I wanted to show mom a picture of Ronnie – to get her to corroborate the story by matching a name with a face – but I realized I didn’t have one. I flashed back to my date at the coffee shop with my half-sister – the weird look on our waitresses’ face when we ordered a brownie and coffee. That waitress had looked at me like I was talking to myself.
But how could I explain the S
pringers seeing Ronnie? How could I explain the jump she gave me when my car had died that night at Mami Wata’s? She had borrowed Demi’s car, explaining at some point during our night together that the Springers let her do that all the time. As for her showing up at the Springer’s dinner party that night, I never saw a car pull up. She put some kind of spell on people with her beauty and charm, Ronnie did. The Springers just opened their door to her as though they’d known her forever.

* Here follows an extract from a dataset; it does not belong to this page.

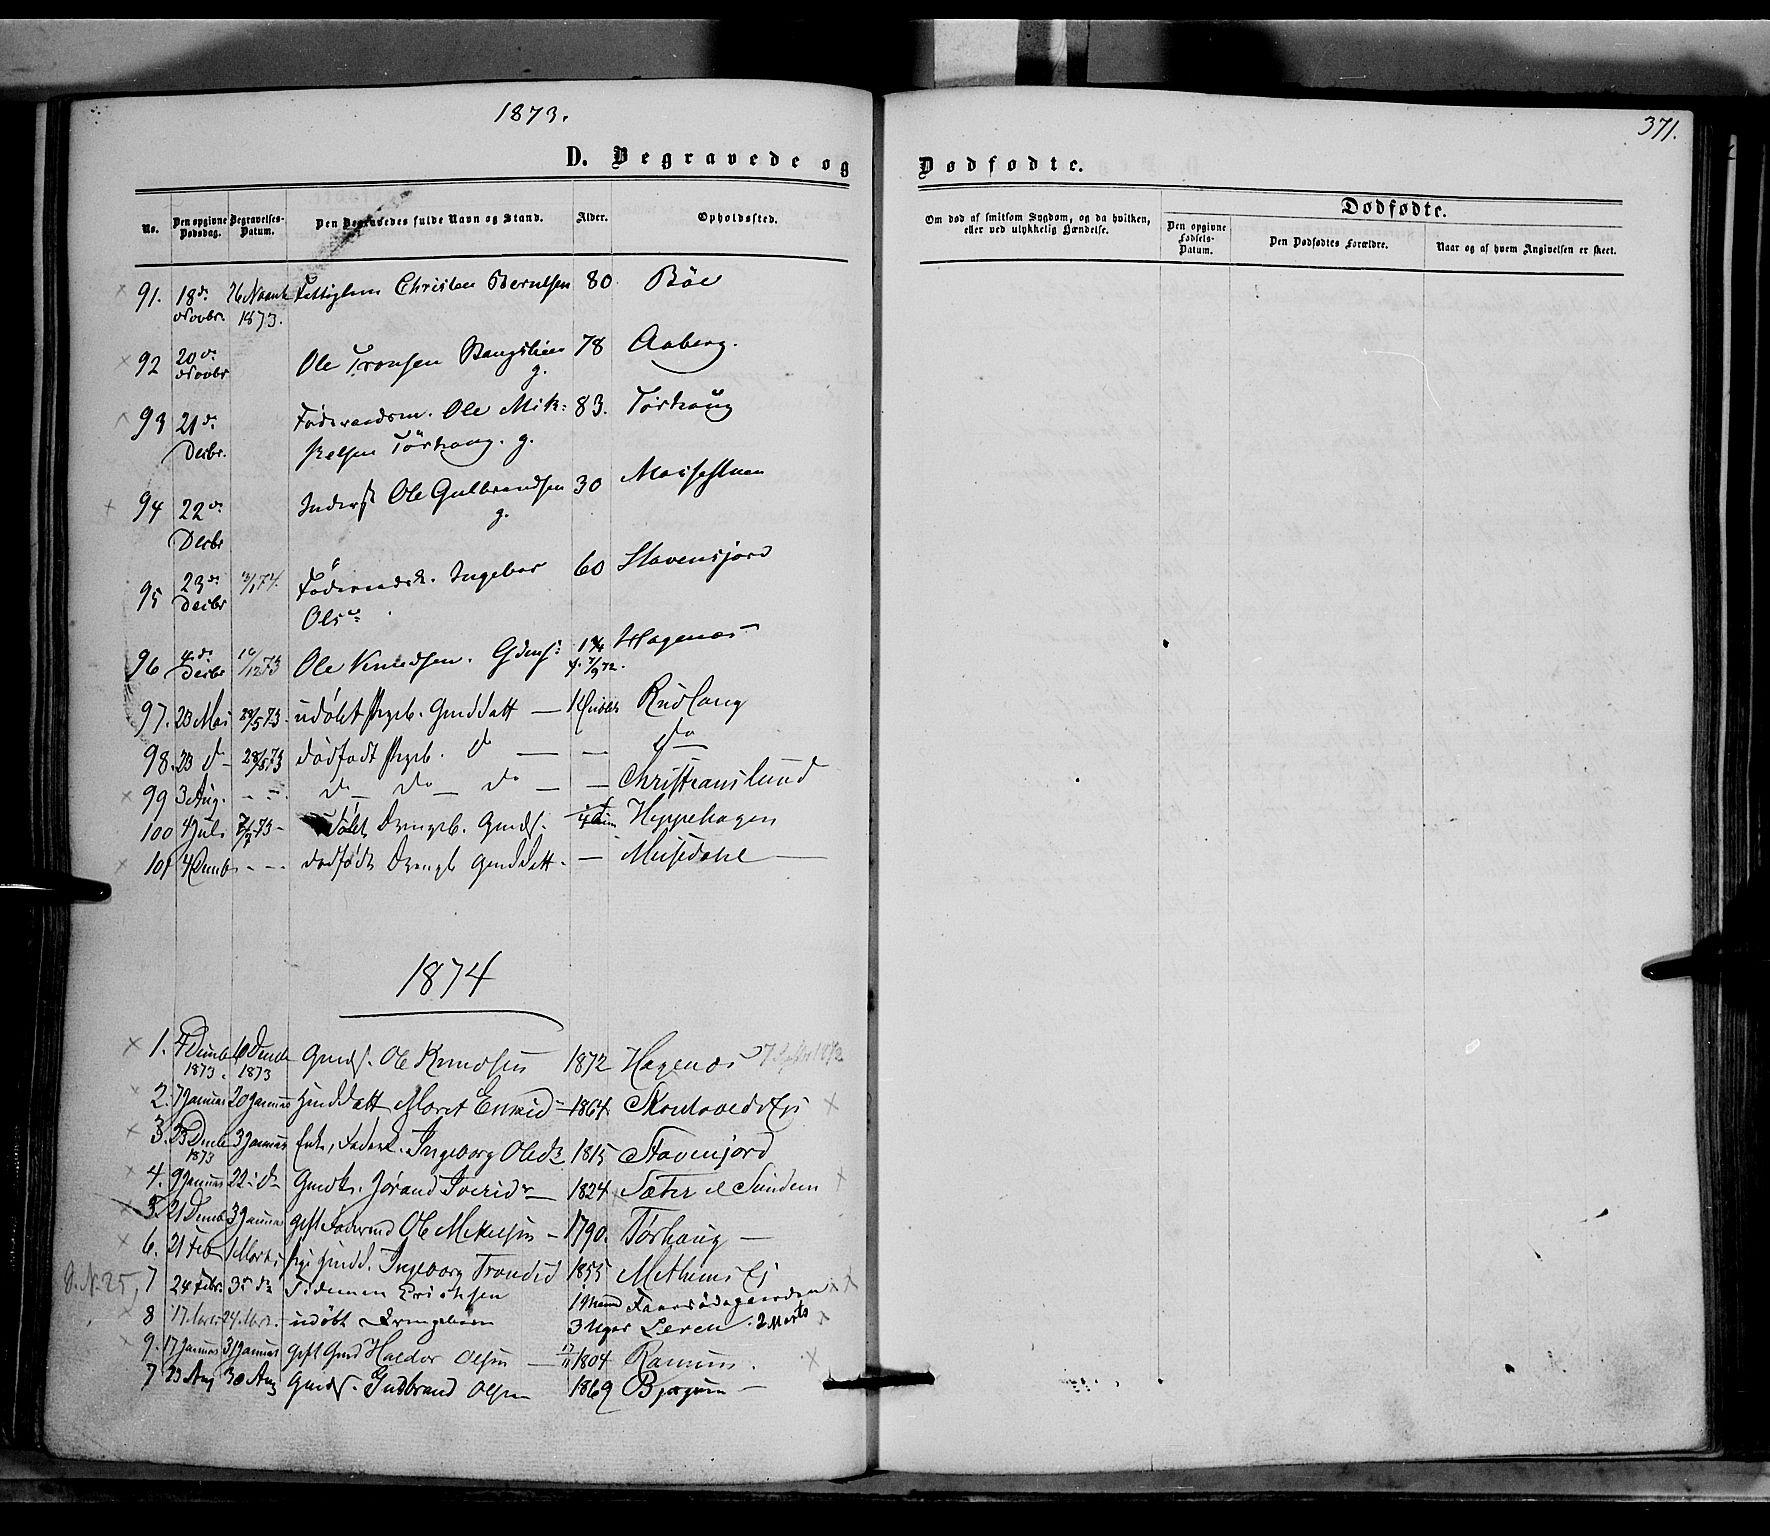 SAH, Nord-Aurdal prestekontor, Ministerialbok nr. 8, 1863-1875, s. 371
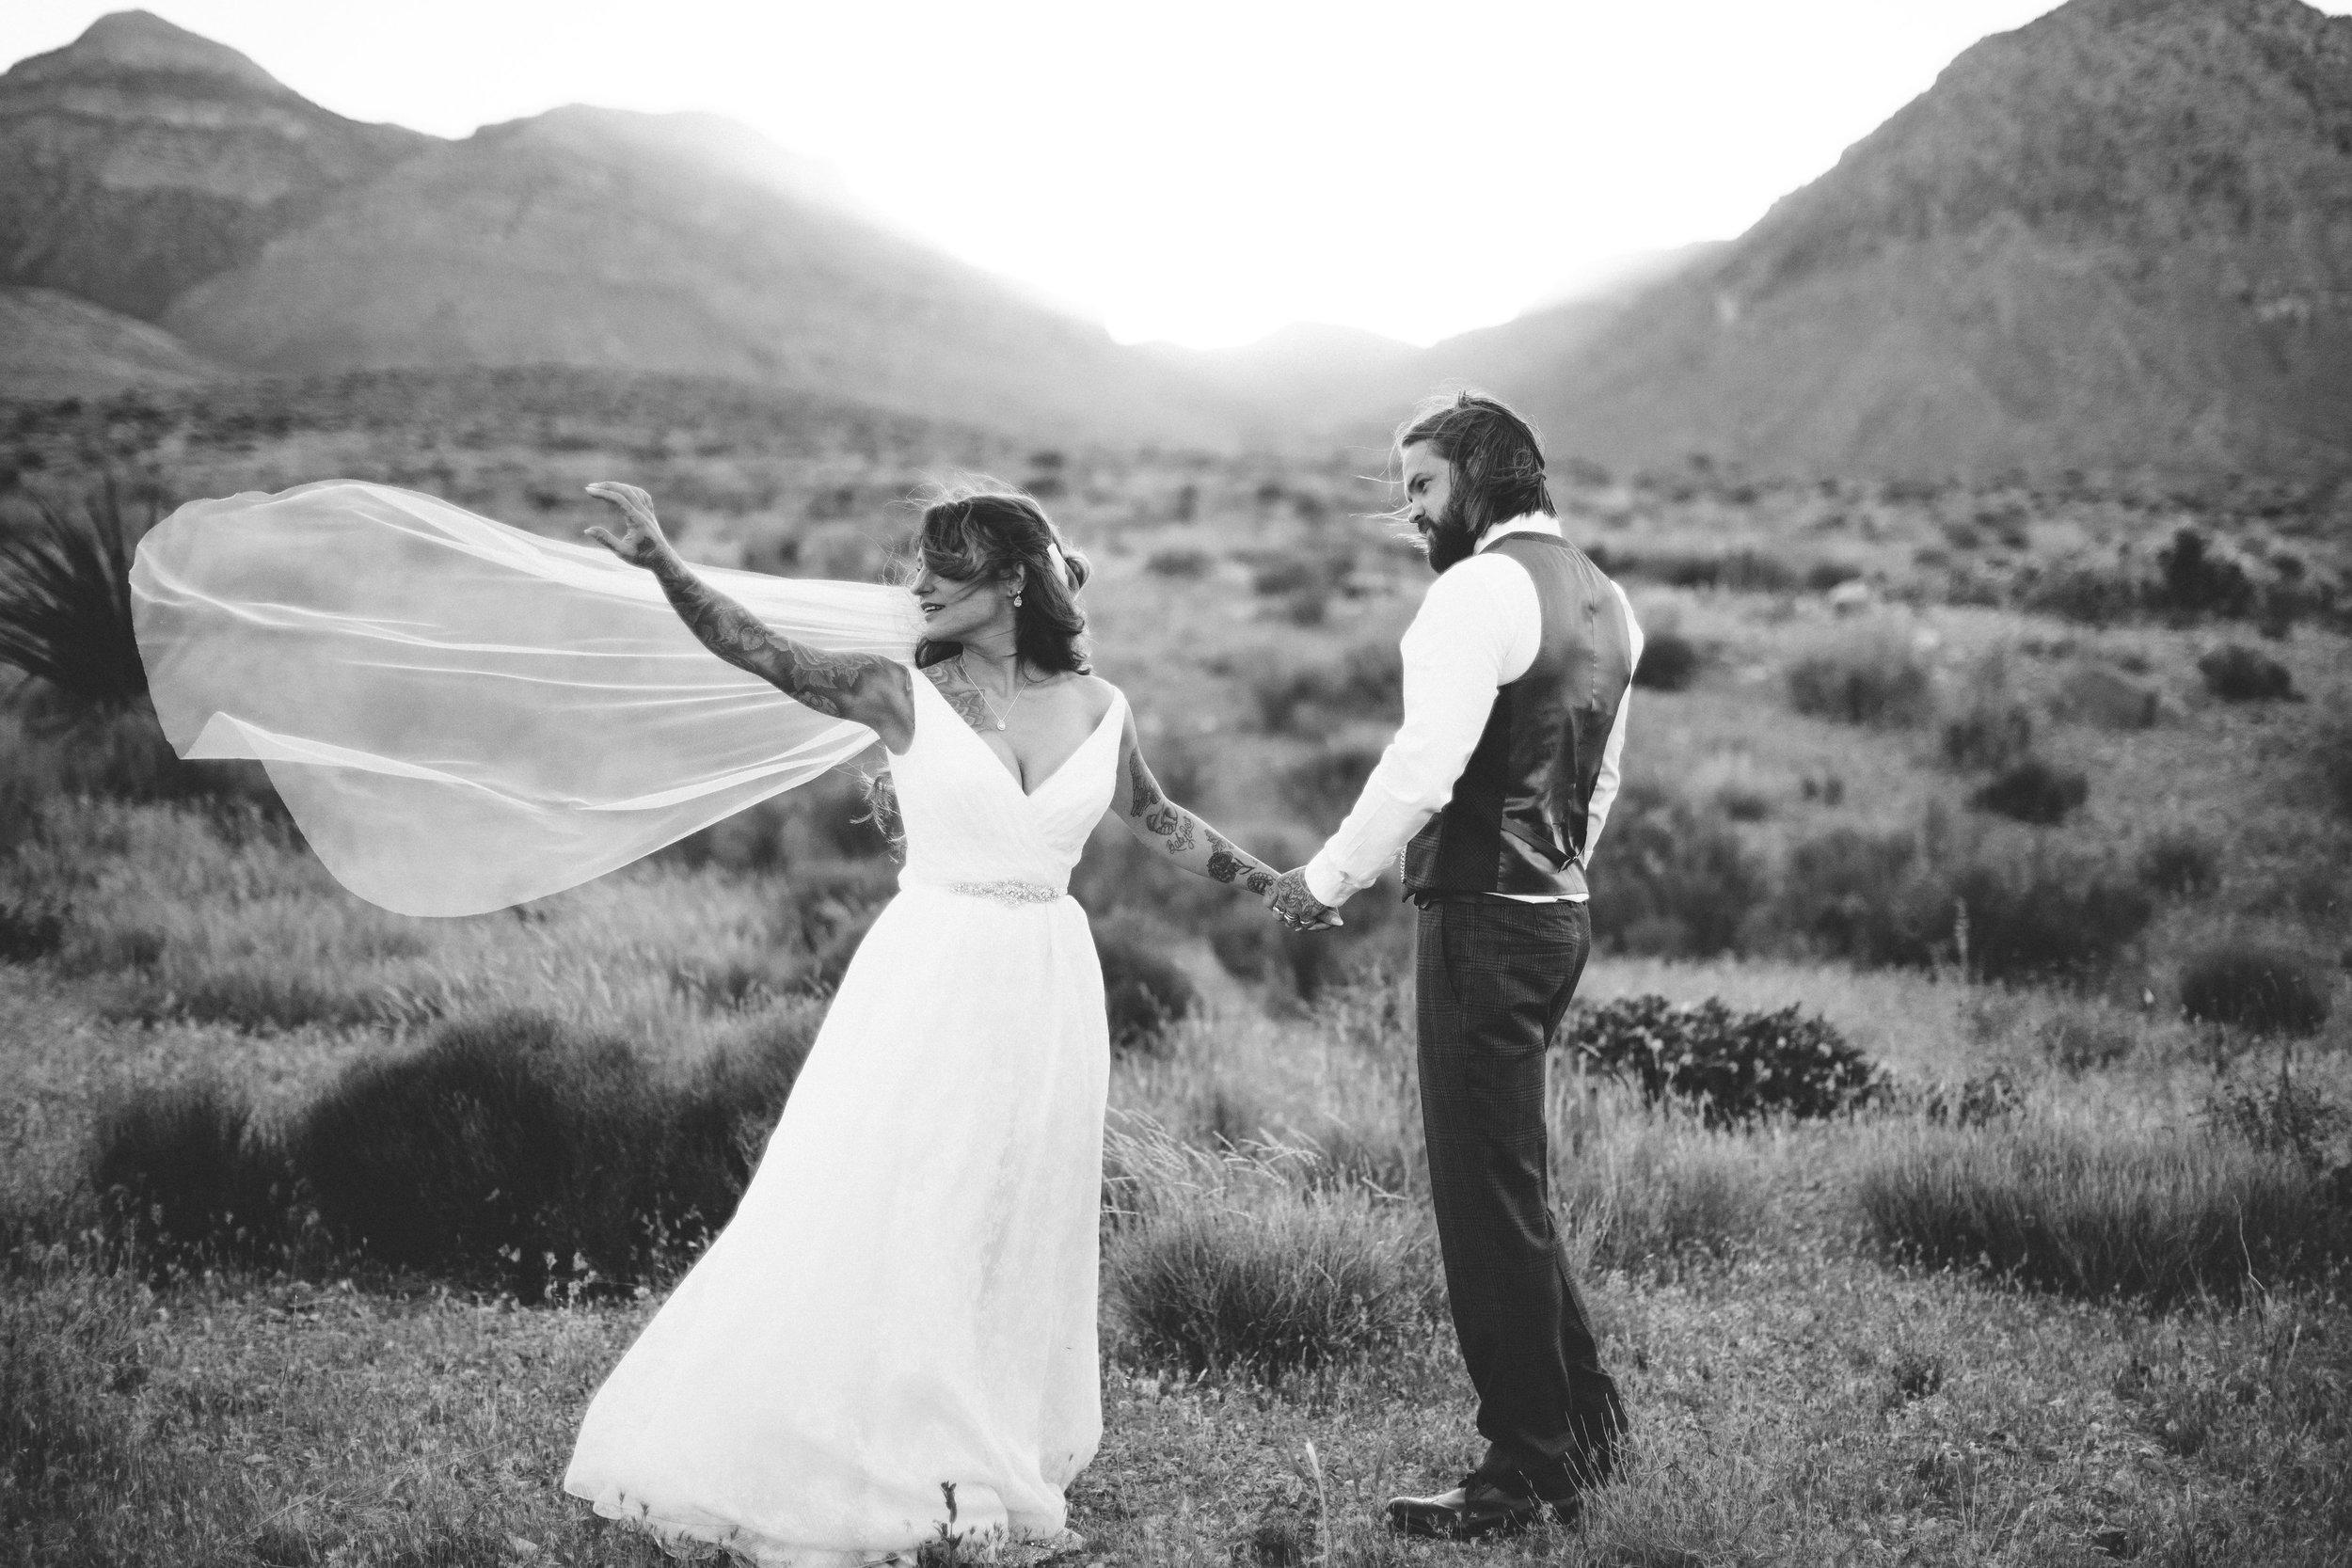 nicoletta-and-adams-rad-las-vegas-desert-elopement23.jpg

It was a curious friend the Springers had in my dead half-sister, their being so new in town, and freshly moved here from California. Why had Ronnie been drawn to Marc and Demi?
Then it hit me. Mami Wata had used her like a pawn, knowing my half-sister was the perfect way to infiltrate things, and get a relationship going. Not just with me, but the Springers, too. She wanted their dog and so much more. She wanted their first born.
I looked into my compact mirror again, which drew questions from mom. I was glad of the distraction because I wanted to crack this case before she did. I wanted mom to be completely ignorant of everything pertaining to the Furrs – so they’d leave her the hell alone.
“That’s beautiful, sweetie. Who gave you that mirror?”
“A gift from Mami Wata,” I smiled, turning its glass toward mom’s face. It caught the light so sharply mom ducked and winced, complaining of its glare. I took a chance, suspecting maybe this gesture with a voodoo queen’s magic mirror erased her interest in Ronnie – her place in all this.
I was right. Mom sat up from her bed, dusting sandwich crumbs from her lap. “Do you want anything else to eat or drink, sweetie?”
“No, mom. Just answer me this: what did you say Dad was again? His job before he left us? I know you said he was a magician, but what kind of magician are we talking here? A cheesy one, or like a scary, super powerful one? I know you said you barely knew him.”